While you used to only be able to get PSA tests at a lab or doctor’s office, you can now do a PSA test yourself at home.

Read on to learn more about PSA tests and where to find them.

PSA occurs in two forms within the blood. The first form, complexed PSA, is attached to proteins. The other form, percent-free PSA, floats freely within the bloodstream.

A standard PSA test typically measures total PSA — a combination of attached and unattached PSA. If your PSA test result falls outside of standard ranges, some doctors might consider testing different types of PSA to decide if you need a biopsy.

Percent-free PSA test

If your total PSA falls in the borderline range (between 4 and 10 ng/mL), a doctor may take a percent-free PSA test. A lower percent-free PSA means that your chance of having prostate cancer is higher.

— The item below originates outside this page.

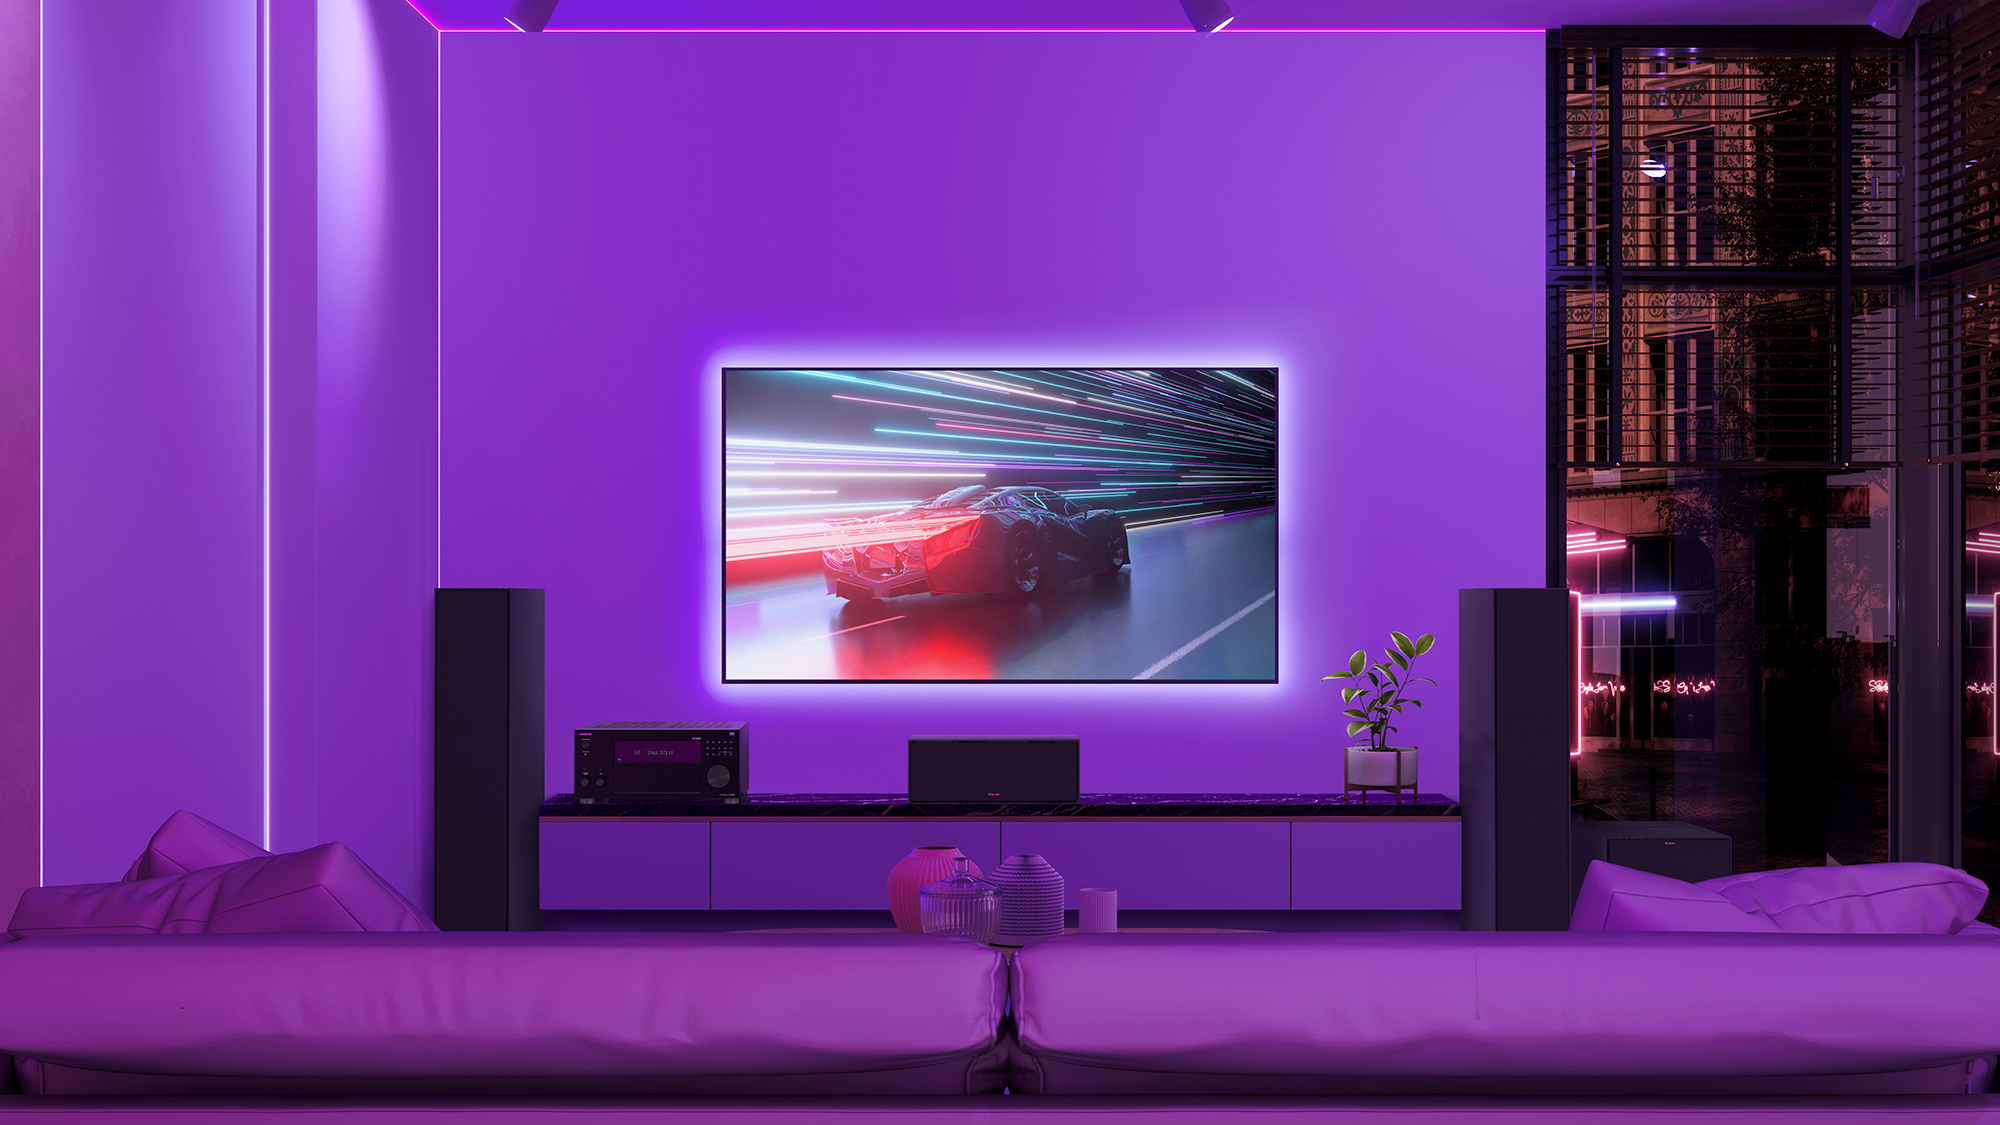 TX RZ70 and Klipsch Home Theater System in Purple LED Lit High Rise Condo 2000x1333

According to the American Cancer Society, doctors generally advise those with a percent-free PSA of 10 percent or less to get a biopsy.

Complexed PSA test

Unlike the roaming PSA in your blood, complexed PSA is directly attached to proteins. This test can be done in place of a total PSA test, but it isn’t often used.

Other types of tests

Science and testing methodologies are always evolving. Several newer tests combine different types of PSA levels to offer an overall score to predict if a person has cancer. These include:

  • Prostate Health Index (PHI): This combines total PSA, percent-free PSA, and proPSA (a premature form of PSA).
  • 4kscore Test: This combines total PSA, percent-free PSA, complexed PSA, human kallikrein 2 (hK2), and other factors.

Most people with penises will get a PSA test in their lifetime. Depending on your age and risk factors, your doctor may encourage one.

In 2018, organizations like the U.S. Preventive Services Task Force (USPSTF) laid out recommendations for those considering a screening.

The USPSTF recommends the following for those who have an average or increased risk of prostate cancer, do not have symptoms of prostate cancer, and have never been diagnosed:

  • If you’re 55 to 69 years old, you should make an individual decision whether you want to take a PSA test.
  • Before making a decision, you should talk with your doctor about the benefits and harms of screening for prostate cancer, including the benefits and harms of other tests and treatment.
  • If you’re age 70 or older, you should not be screened for prostate cancer when you don’t have symptoms or other factors that put you at risk of prostate cancer.

The CDC suggests you also consider the following when talking with your doctor prior to screening:

  • if you have a family history of prostate cancer
  • if you’re African American
  • if you have other medical conditions that may make it difficult to treat prostate cancer if it’s found
  • how you value the potential benefits and harms of screening, diagnosis, and treatment
Test
Testing location
Results time
Price
at home
5 days
$185.84
• Labcorp testing centers
• at home
• 1 to 2 days
• up to 5 days
$69

We selected these PSA test kits based on criteria we think are good indicators of safety, quality, and transparency.

We only include tests that send samples to CLIA-approved labs, and we regularly reassess the products on our lists to ensure we are only including the best quality options for our readers.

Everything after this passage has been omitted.